A cura della Redazione

Anche “La giornata della memoria” si è dovuta piegare alle restrizioni anti Covid. Il primo evento organizzato da Anna Vitiello nelle vesti di nuovo assessore alla Cultura del Comune di Torre Annunziata, è stato seguito dai cittadini in diretta Facebook questa mattina sulla pagina istituzionale dello stesso comune oplontino.

Letture, scritti, testimonianze, piece teatrali con i contributi dell’attore-regista-autore Angelo Pepe, dell’artista Nello Collaro, della compagnia teatrale “Hirondelle”. La collega Titti D’Amelio ha coordinato gli interventi di una intensa mattinata all’insegna della “cultura della memoria” realizzata dall’aula magna del Liceo Artistico “Giorgio de Chirico” di Torre Annunziata.

Emblematico il breve monologo scritto da Felicio Izzo, dirigente scolastico del de Chirico, che sottolinea: «Ho immaginato un rastrellamento. Dei soldati che portano via o uccidono un uomo nella sua casa sul mare. E il mare potrebbe essere quello nostro, della Marina del Sole. La guerra non è mai finita.
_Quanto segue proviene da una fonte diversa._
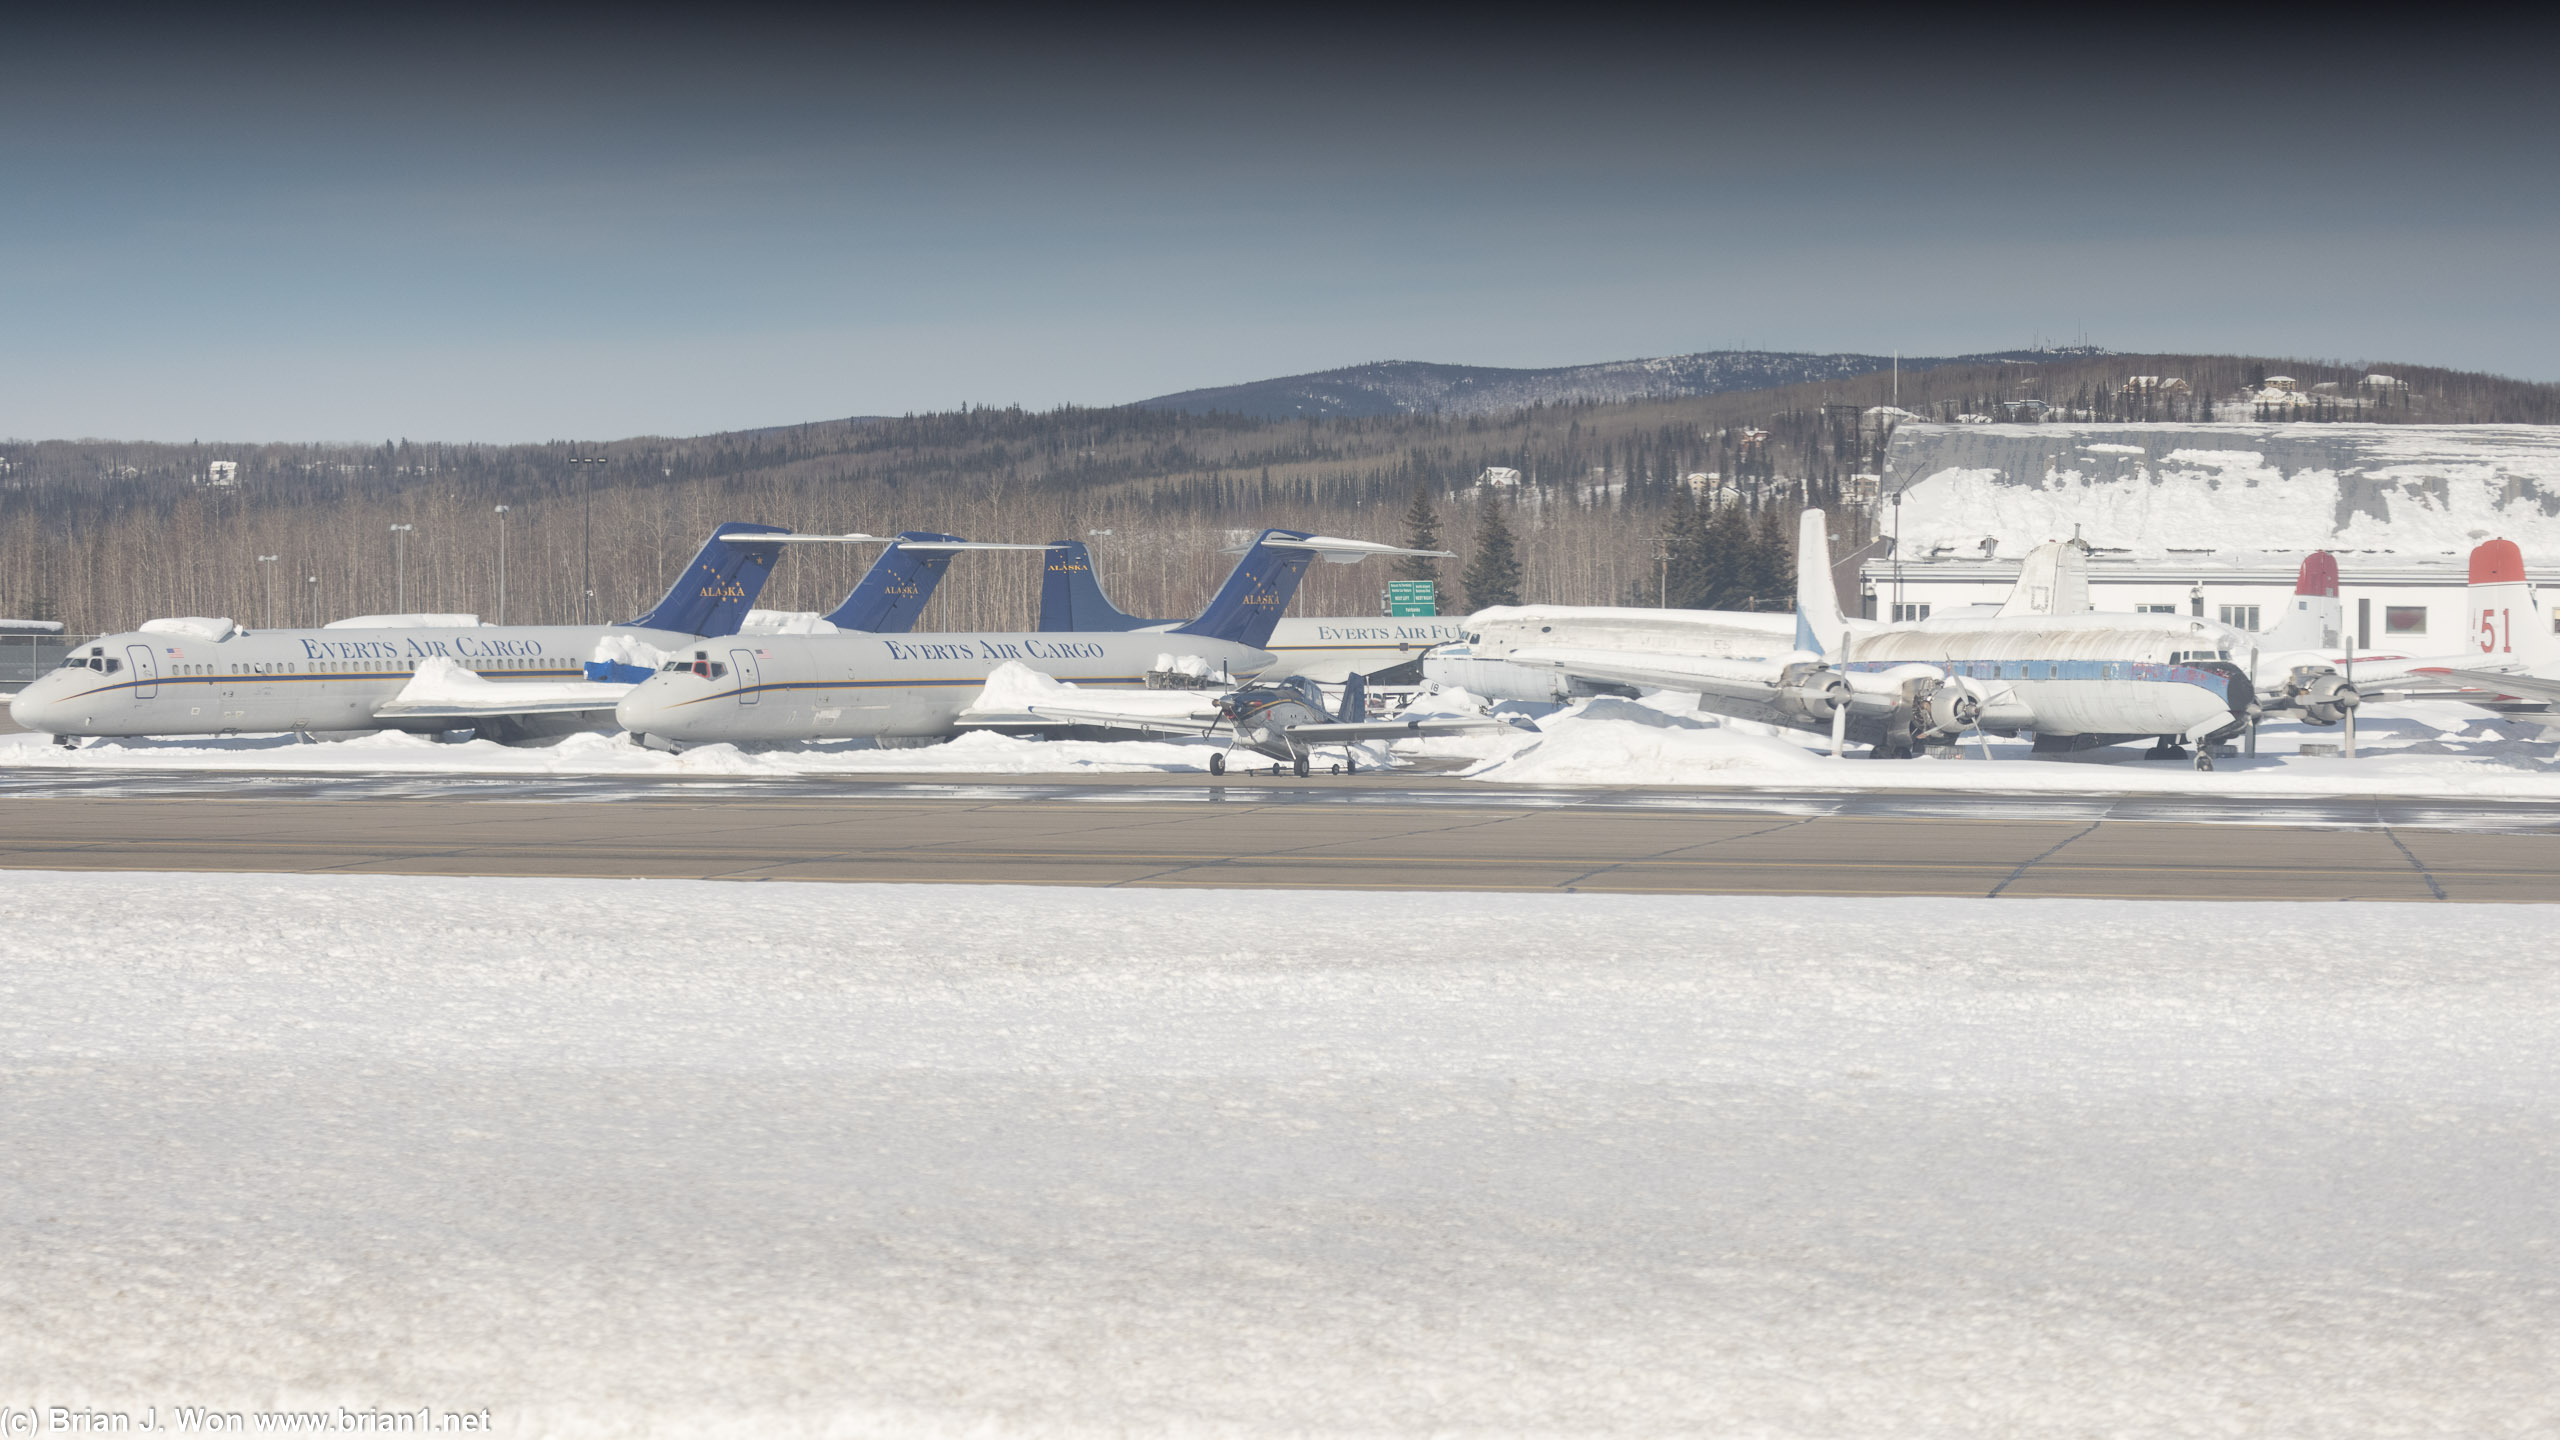 MD-80's and DC-6's of Everts Air Cargo in the snow.

E nemmeno la barbarie». Vi riproponiamo il testo recitato questa mattina, con la consueta maestria, da Angelo Pepe.

Rastrellamento sulla Marina del Sole

Solo un rumore discreto. Come di vento sugli arbusti. Appena più brusco. Ma lui continuò a leggere. Si impose di continuare. Per non guardare ciò che già sapeva e che, in fondo, aspettava. Solo quando si fecero intere le figure sull’orlo del terrapieno di confine distolse lo sguardo da parole di cui aveva ormai definitivamente smesso di comprendere il senso.

Girò il capo. In un attimo cessò il silenzio e divenne vero ciò che aveva sempre immaginato. L’aveva tante volte anticipata la paura che nemmeno la sentì, in quel momento, nella realtà di ciò che accadeva. Aveva sempre saputo, pianificandone, con lucido rigore, le sequenze, che sarebbe stato inutile urlare o implorare e tantomeno fuggire. E per andare dove, poi? A rinchiudersi in casa? A risalire il fianco della collina? E per arrivare dove? Sarebbe stato tutto così scomposto. Disordinato. Frantumato. Volgare. Sì, penso proprio così: “Volgare!”.

Poi li vide avvicinarsi, tutti. Erano sei. Nel silenzio che finiva sentì, con lo sguardo, il peso freddo delle armi. Previde i colpi, le botte, i pugni, gli strattoni, le urla. Nessuna sorpresa per le teste rasate, senza elmetti, ma nemmeno berretti. Non lo aveva mai chiarito questo particolare nelle sue anticipazioni. E lo accolse come un fatto normale. Naturale come un volto o un naso. Anche il suo che gli doleva.

C’era il mare alle loro spalle. Questo lo trattenne dal simulare, anche solo come istinto, un tentativo di fuga: morire senza avere il mare negli occhi. Fu il calore del sangue che gli scorreva dal labbro, dalla testa colpita a dargli il coraggio del dolore che non affogava i pensieri.

Goffamente con i soldati che ridevano decise di girarsi, senza fretta, con la calma governata dal respiro trattenuto. Prese a salire le scale che portavano al terrazzino davanti all’ingresso di casa. Le ultime cose che sentì furono ancora risate e un improvviso bruciore in una spalla. Poi un altro e un altro ancora. Forse cadde. Di certo si trascinò aggrappandosi alle siepi di rosmarino, fino al lato corto del terrazzo. Sentì l’umido del fiato che il pavimento gli restituiva e capì che era veramente caduto. Tra le inferriate del cancelletto che dava sull’orto, rivide il mare. Dall’altra parte della costa. Solo che era troppo distante. Laggiù. Gli sembrò troppo lontano perché valesse la pena continuare a guardarlo. Così smise di vederlo.